Charleston UK and Charleston SC epitomize the theory of six degrees of separation. Charles Anson and Juliet Nicolson, who live close to Charleston, Sussex, have unexpected local connections. Charles Anson, former British Diplomat and Press Secretary to the Queen, is a descendant of Admiral George Anson, who was stationed in Charleston, SC, in the 1720s. The Admiral was a popular figure in 1720s Charleston, where he acquired land, built a home and sold plots forming the residential area of Ansonborough. He subsequently became First Lord of the Admirality and was known as the father of the modern British Navy when it was at its most powerful.
Juliet Nicolson, granddaughter of author and gardener Vita Sackville-West (to whom Virginia Woolf's gender shifting novel, Orlando, was dedicated) also has an unusual link to Charleston in SC. The son of two of her grandmother's servants at Sissinghurst Castle resided in Charleston, SC in great luxury and style in the 1960s. Having lived as a man for thirty years, he was one of the first to undergo gender re-assignment in 1968, with financial help provided by the actress Margaret Rutherford and the heiress Isabel Whitney.
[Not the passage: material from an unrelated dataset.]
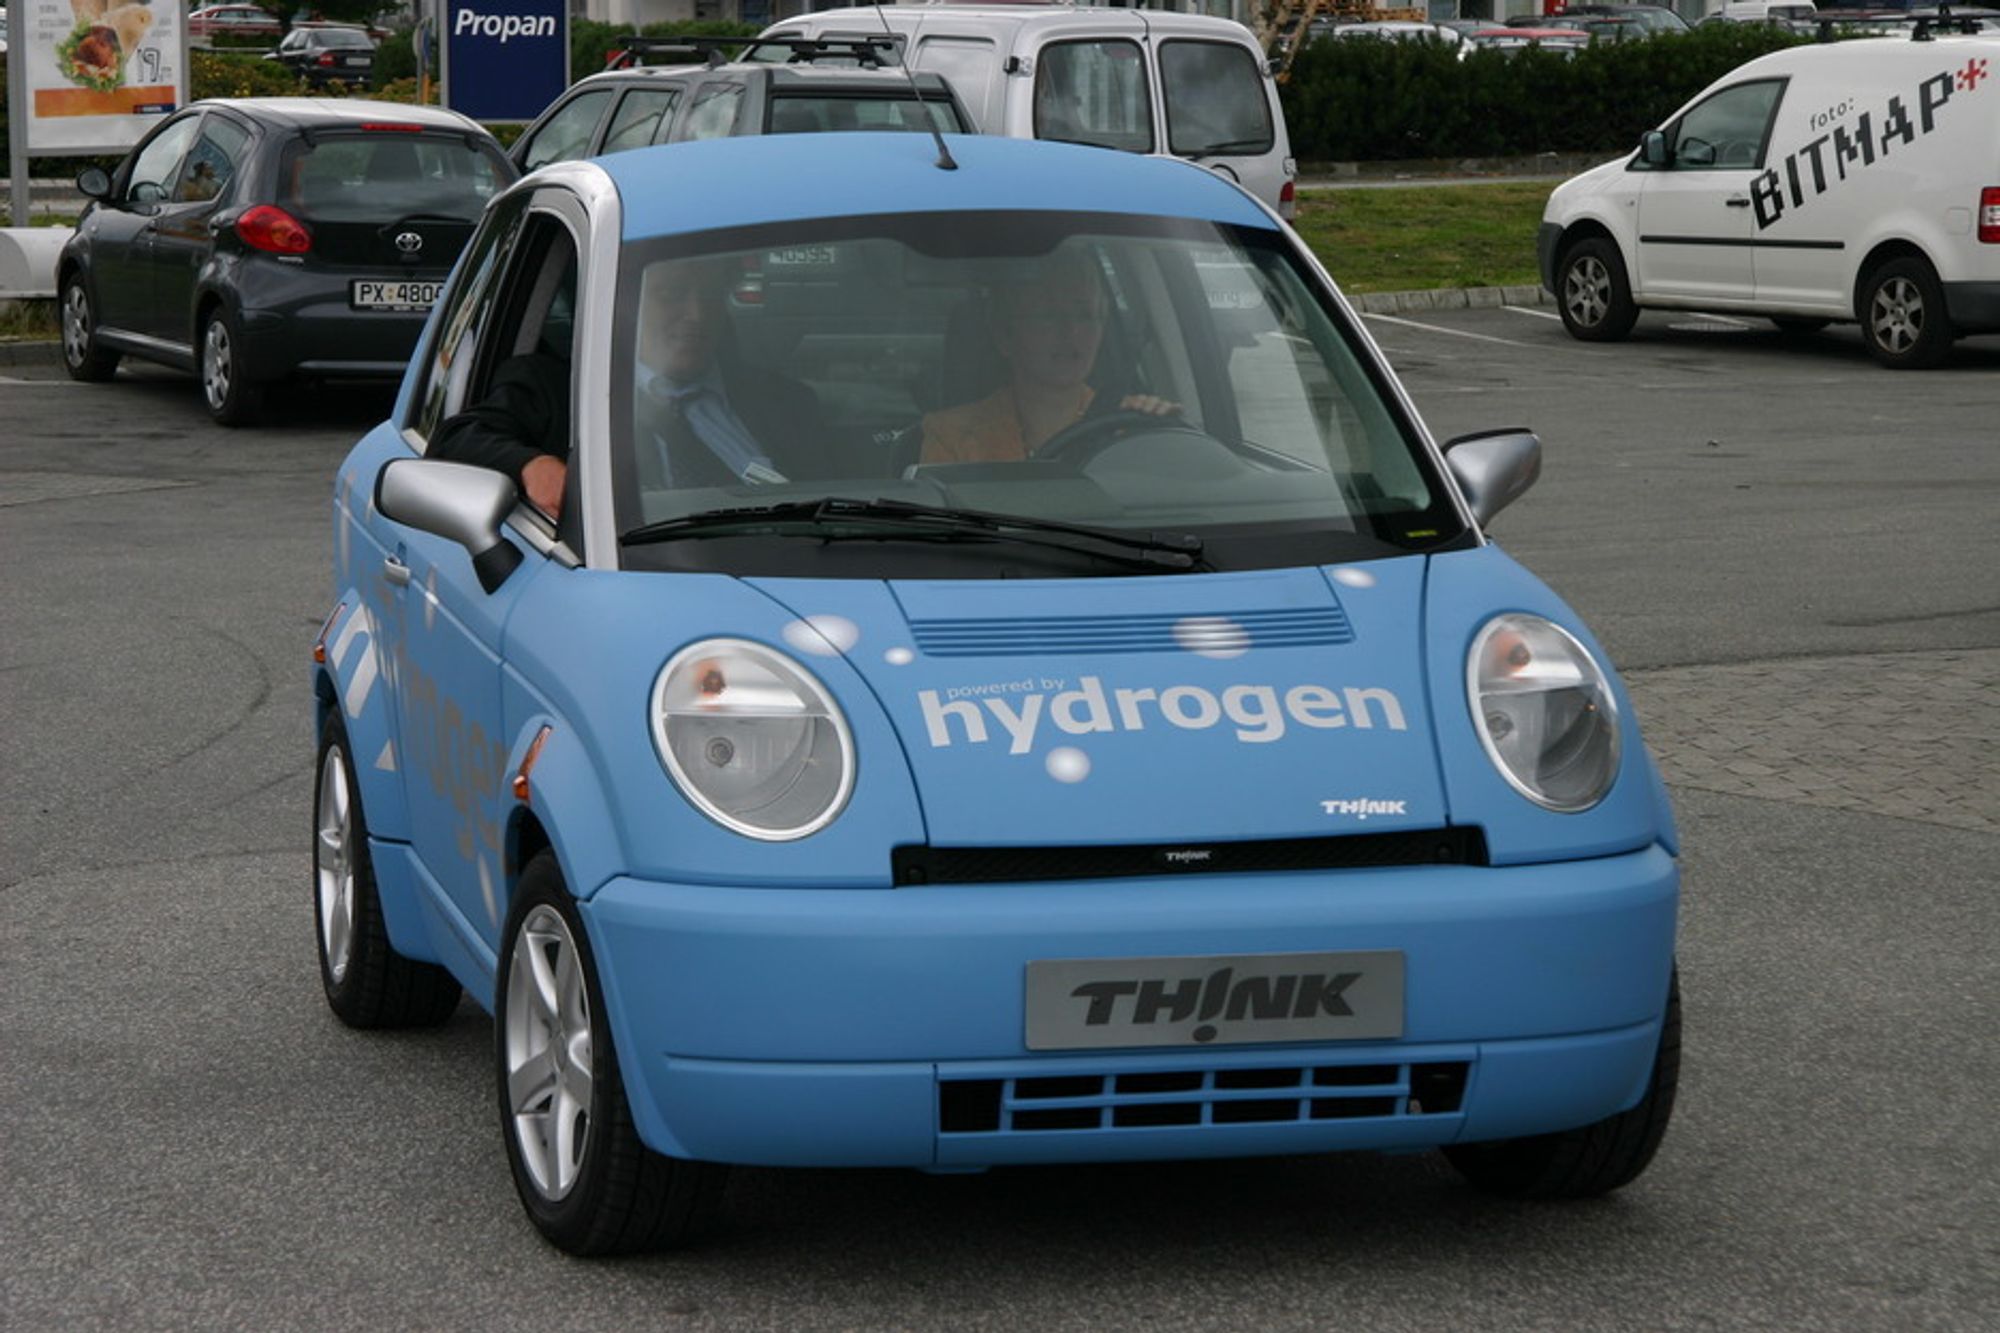 Think Hydrogen ble lansert for offentligheten i 2006, men da gikk den kun på batteri. Brenselcellen som var montert var bare for syns skyld.

On Whitney's death, Dawn Pepita, as the former Gordon was now known, inherited a fortune and bought an 1840s mansion in Charleston's Ansonborough district, where she wed her much younger butler in the first legal inter-racial marriage in South Carolina, raised a daughter, published books and scandalized local society.
Charles Anson and Juliet Nicolson will elaborate on their intriguing ties with Charleston, SC. Edward Ball, author of Peninsula of Lies (which follows Dawn Pepita's tale), will be signing books at the reception.